Important points
Investors in Intel (INTC) stock don’t have much to cheer about in 2024, with the stock price down more than half. Next year may be another challenging year.
Analysts have suggested that the appointment of a new CEO and changes to Intel’s turnaround plan could be a driver for the stock price in the short term. But they also say the business challenges facing the storied chipmaker could take months or even years to resolve.
“Things here are likely to continue to get worse before they get better,” Bernstein analysts said after former CEO Pat Gelsinger stepped down in early December. Ta.
As Intel searches for a new CEO, the company’s path forward could evolve. Mr. Gelsinger had advocated retaining Intel’s own manufacturing and contract foundry operations as part of the restructuring effort. Analysts are now suggesting that the company’s business may be more likely to be split. (Earlier this year, rumors about that impact occasionally buoyed Intel stock.)
In an investor presentation earlier this month, interim co-CEOs Dave Zinsner and Michelle Johnston Holthaus discussed the possibility of a complete separation of Intel’s foundry business, according to records provided by AlphaSense. Regarding sex, he said, “Unresolved questions are for another day.”
Intel stock closed Monday at $20.20, down 60% for the year. The PHLX Semiconductor Index (SOX) will rise approximately 22% in 2024. Nvidia (NVDA), which replaced Intel as a Dow stock earlier this year, has more than doubled in value.
Wall Street is broadly cautious about Intel stock, with 13 of the 16 analysts tracked by Visible Alpha giving it a “hold” rating and three giving it a “sell” rating. Still, there is some optimism. Their consensus price target is currently around $24, representing a ~19% premium to recent prices.
Analysts at Bank of America wrote earlier this month that a breakup was becoming more likely. But analysts also said much of Intel’s turnaround could still depend on its foundry business, which is set to receive billions of dollars in CHIPS Act funding tied to meeting manufacturing milestones.

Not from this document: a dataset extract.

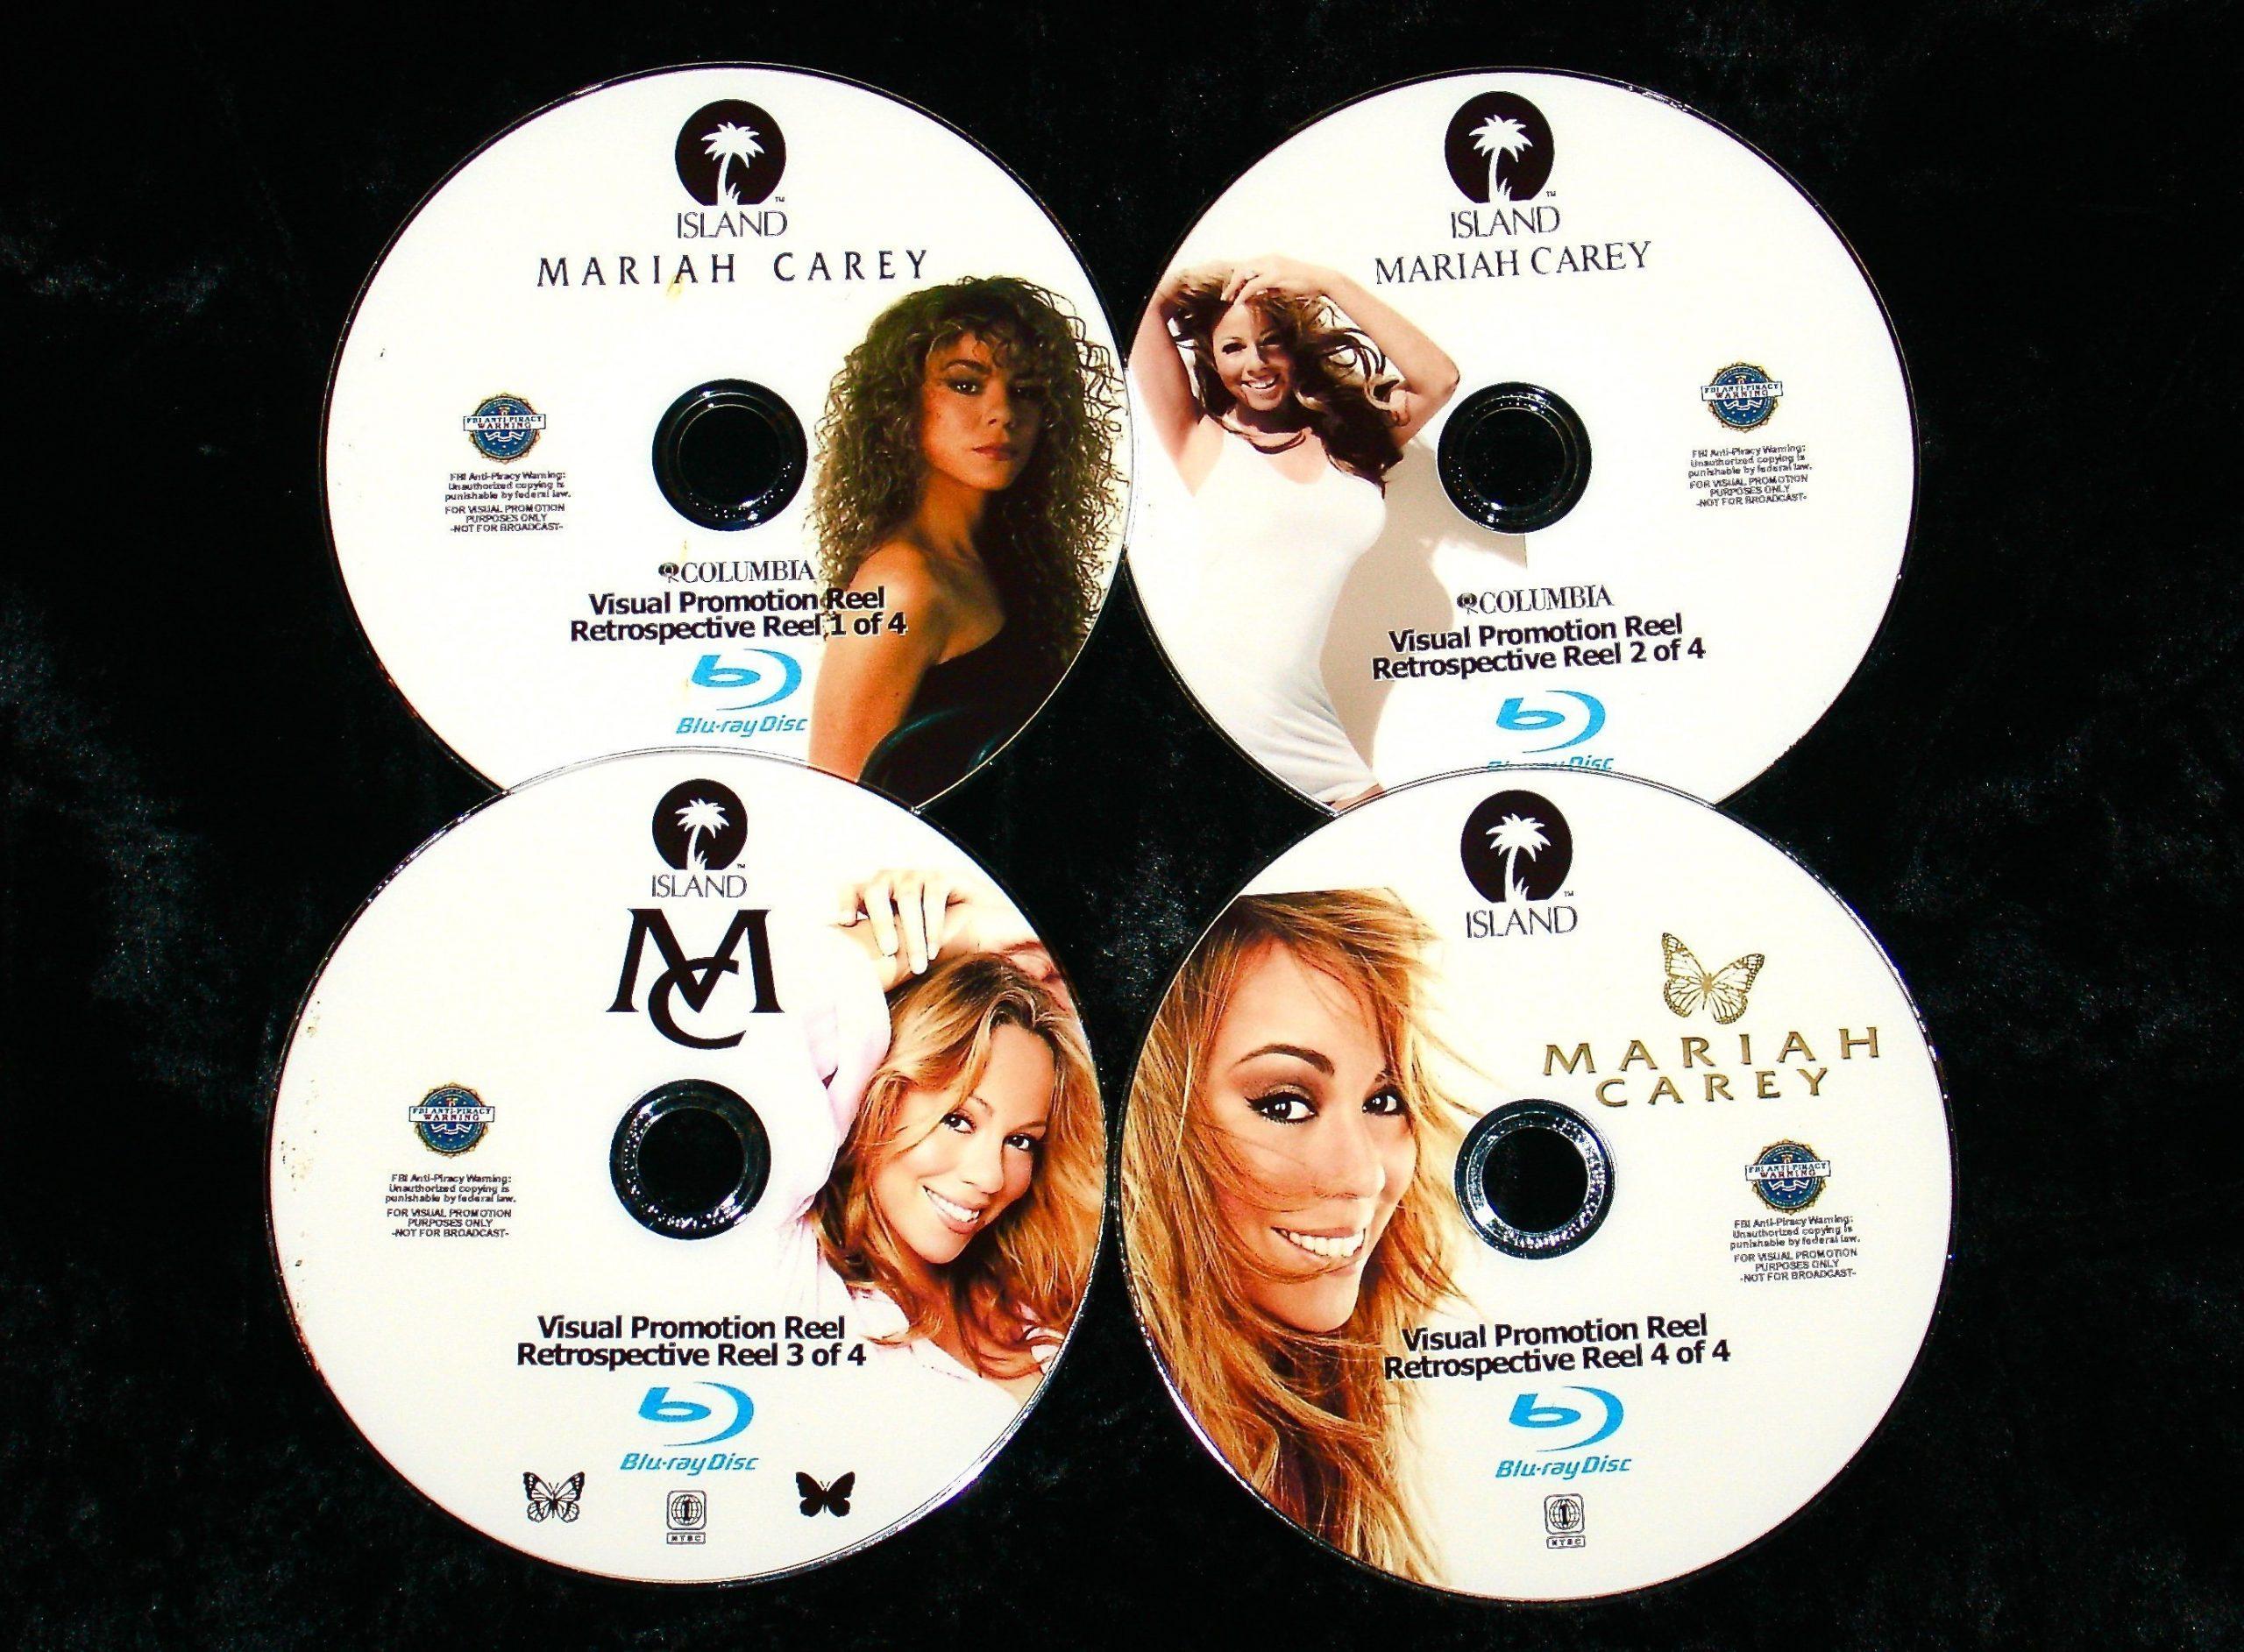 MARIAH CAREY Visual Promotion Reel 83 Music Videos 4 BLU-RAY DVD Set (Blu-Ray Format only) John Legend, Justin Bieber,  Luther Vandross, Jadakiss, Jermaine Dupri, Bone Thugs-n-Harmony, Snoop Dogg, Jay-Z

Ta.
Analysts at Wedbush recently said that while a split could benefit shareholders in the short term, Intel’s “laggard” position in both chip design and production wrote that it would not be able to solve the larger problem of proving its competitiveness.
And Bernstein analysts last week advised investors to “stand back.”
Corrections and Updates – December 23, 2024: This article reflects more recent stock information and a presentation to investors by Intel co-CEOs Dave Zinsner and Michelle Johnston Holthaus earlier this month. Updated for.